» EXERCISE REQUIREMENTS
When the string "Photo" occurs in a line of the records, show that line.

Excerpts from a dataset:

-- Opening Marker --

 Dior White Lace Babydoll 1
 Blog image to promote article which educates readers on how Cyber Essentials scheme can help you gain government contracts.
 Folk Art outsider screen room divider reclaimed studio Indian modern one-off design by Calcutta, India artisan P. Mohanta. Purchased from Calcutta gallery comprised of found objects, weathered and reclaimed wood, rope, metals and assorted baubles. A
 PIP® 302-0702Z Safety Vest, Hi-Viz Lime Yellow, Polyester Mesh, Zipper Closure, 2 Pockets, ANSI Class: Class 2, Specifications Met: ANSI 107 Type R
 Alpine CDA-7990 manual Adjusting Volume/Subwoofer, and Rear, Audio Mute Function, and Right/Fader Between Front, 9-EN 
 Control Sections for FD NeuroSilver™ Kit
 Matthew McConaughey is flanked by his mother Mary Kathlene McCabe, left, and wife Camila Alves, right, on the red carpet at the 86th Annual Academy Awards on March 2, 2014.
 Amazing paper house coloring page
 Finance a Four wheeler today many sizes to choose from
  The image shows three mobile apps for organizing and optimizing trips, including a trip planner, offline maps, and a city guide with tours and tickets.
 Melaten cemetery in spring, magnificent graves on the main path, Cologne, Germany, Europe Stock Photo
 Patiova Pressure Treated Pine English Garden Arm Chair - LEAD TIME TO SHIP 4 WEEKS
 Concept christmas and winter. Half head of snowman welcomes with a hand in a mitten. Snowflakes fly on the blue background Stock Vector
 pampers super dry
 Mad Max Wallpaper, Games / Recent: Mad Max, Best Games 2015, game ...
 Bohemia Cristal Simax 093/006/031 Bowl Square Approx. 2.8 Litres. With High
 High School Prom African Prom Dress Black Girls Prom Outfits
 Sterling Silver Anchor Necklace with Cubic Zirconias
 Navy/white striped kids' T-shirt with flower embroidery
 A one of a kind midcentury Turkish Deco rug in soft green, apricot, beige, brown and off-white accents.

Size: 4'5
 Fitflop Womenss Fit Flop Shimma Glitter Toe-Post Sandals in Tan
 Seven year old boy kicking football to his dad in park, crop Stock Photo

-- Closing Marker --

» FINISHED EXERCISE
 Melaten cemetery in spring, magnificent graves on the main path, Cologne, Germany, Europe Stock Photo
 Seven year old boy kicking football to his dad in park, crop Stock Photo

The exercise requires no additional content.